Октавиана чуть не стошнило от такой непристойной брани, а Антоний в ярости выскочил из комнаты, и даже Октавии не удалось смягчить ситуацию.
Гней Асиний Поллион, наконец официально утвержденный в консульской должности, получил все положенные регалии, принес жертву богам и дал клятву исполнять долг. Он все время задавал себе вопрос, что бы такое сделать, чтобы прославить свое двухмесячное пребывание на этом посту. И теперь он знал ответ: образумить Секста Помпея. Чувство справедливости говорило ему, что этот недостойный сын великого отца отчасти прав. Ему было семнадцать лет, когда его отца убили в Египте, ему не было еще и двадцати, когда его старший брат погиб после Мунды, где Цезарь сражался с сыновьями Гнея Помпея, и он ничего не мог сделать, когда мстительный сенат заставил его жить изгоем, отказав ему в праве восстановить семейное состояние. Чтобы избежать этой ужасной ситуации, нужен был только декрет сената, который позволил бы ему вернуться домой и наследовать статус и состояние отца. Но первый был намеренно опорочен с целью повысить репутацию его врагов, а второе давно уже исчезло в бездонной яме финансирования гражданской войны.
«И все же, – подумал Поллион, пригласив Антония, Октавиана и Мецената к себе, – я могу попытаться заставить наших триумвиров понять, что надо предпринять что-то разумное».
– Если этого не сделать, – сказал он, угощая гостей разбавленным вином в своем кабинете, – не много времени понадобится, чтобы все присутствующие здесь погибли от рук толпы. Поскольку толпа не умеет управлять, у Рима появятся новые хозяева – мне даже страшно подумать, кто это будет и с какого дна они поднимутся. Я не хочу, чтобы так закончилась моя жизнь. Я хочу уйти в отставку, увенчанный лаврами, и писать историю нашего бурного времени.

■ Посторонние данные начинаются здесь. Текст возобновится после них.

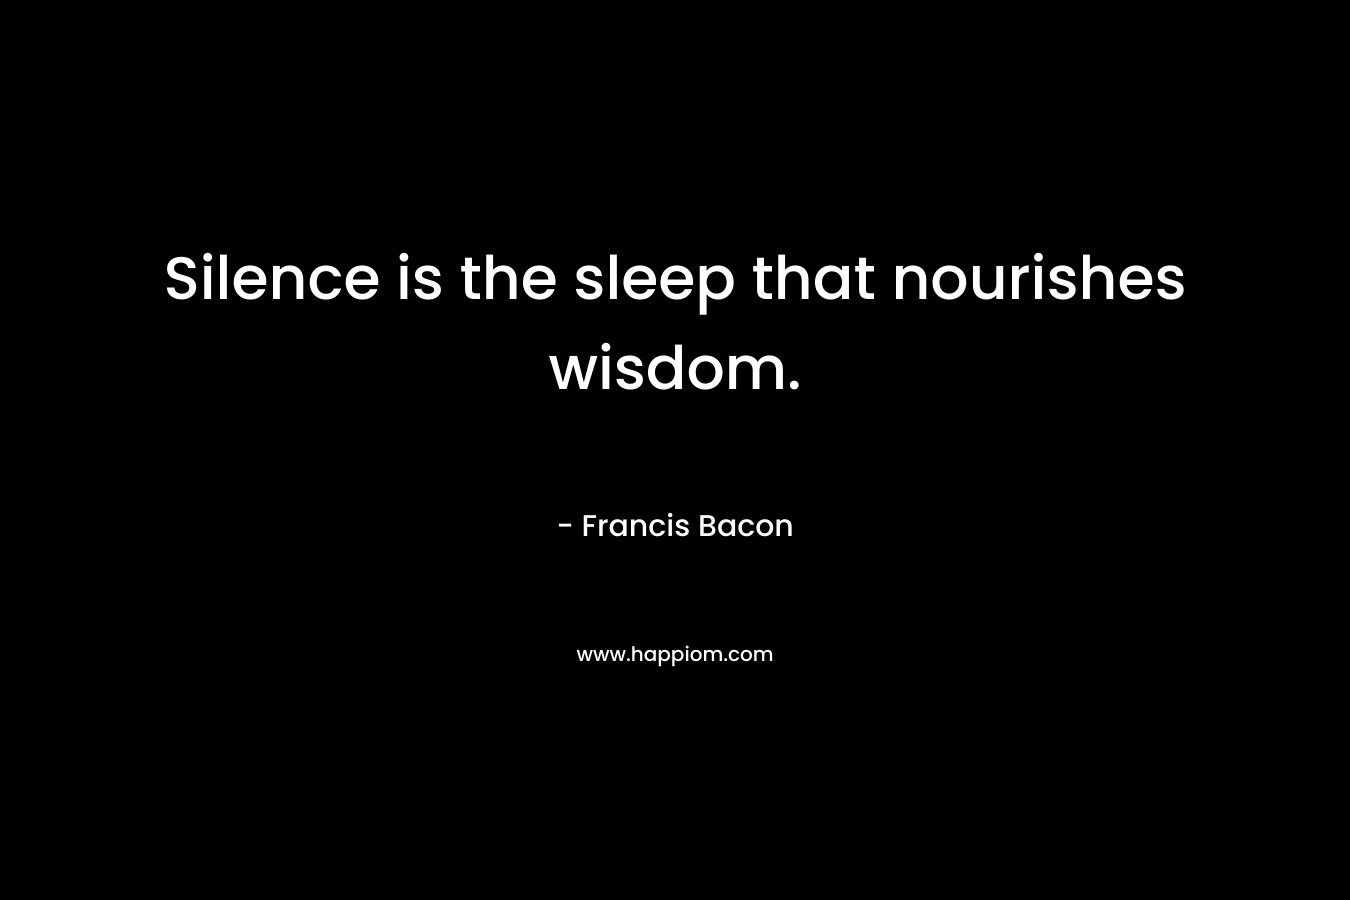 Silence is the sleep that nourishes wisdom.

– Хорошо сказано, – пробормотал Меценат, поскольку оба триумвира молчали.
– Что именно ты предлагаешь, Поллион? – спросил Октавиан после долгой паузы. – Чтобы мы, те, кто в течение нескольких лет страдал из-за этого безответственного вора и видел пустую казну, теперь восхваляли его? Сказали ему, что все прощено и он может вернуться домой? Тьфу!
– Слушай, – произнес Антоний, став серьезным, – не слишком ли сурово, а? Мнение Поллиона о Сексте отчасти справедливо. Лично я всегда чувствовал, что с Секстом обошлись жестоко, отсюда мое нежелание, Октавиан, расправляться с мальчишкой. Я хотел сказать, с молодым человеком.
– Ты лицемер! – зло крикнул Октавиан. В такой ярости его никто никогда не видел. – Тебе легко быть добрым и понимающим, ты, бездеятельный болван, праздно проводящий зимы в пьянках, пока я ломаю голову, как накормить четыре миллиона человек! И где деньги, которые мне нужны, чтобы сделать это? Да в сокровищницах этого трогательного, ограбленного, оклеветанного мальчика! У него должны быть сокровищницы, полные золота, он столько из меня выжал! А когда он выжимает из меня, Антоний, он выжимает из Рима и Италии!
Меценат положил руку на плечо Октавиана. Рука казалась мягкой, но пальцы так впились в плечо, что Октавиан поморщился и отбросил руку.
– Я пригласил вас сегодня не для того, чтобы вы тут выясняли отношения, – сурово промолвил Поллион. – Я пригласил вас, чтобы понять, сможем ли мы четверо придумать такой способ обуздать Секста Помпея, который обойдется нам дешевле, чем война на море. Ответ – переговоры, а не конфликт! И я надеюсь, что ты, со своей стороны, поймешь это, Октавиан.
– Я скорее заключу пакт с Пакором, отдав ему весь Восток, – ответил Октавиан.
– Похоже, ты не хочешь найти решение проблемы, – подколол его Антоний.
– Я хочу найти решение! Единственное! А именно сжечь все его корабли до последнего, казнить его флотоводцев, продать его моряков и солдат в рабство и дать ему возможность эмигрировать в Скифию! Ибо пока мы не признаем, что именно это следует сделать, Секст Помпей будет продолжать морить голодом Рим и Италию себе в угоду! Этот подлец не имеет ни ума, ни чести!
– Я предлагаю, Поллион, отправить посланника к Сексту и просить его встретиться с нами, скажем, в Путеолах. Да, Путеолы подойдут, – сказал Антоний, излучая добрую волю.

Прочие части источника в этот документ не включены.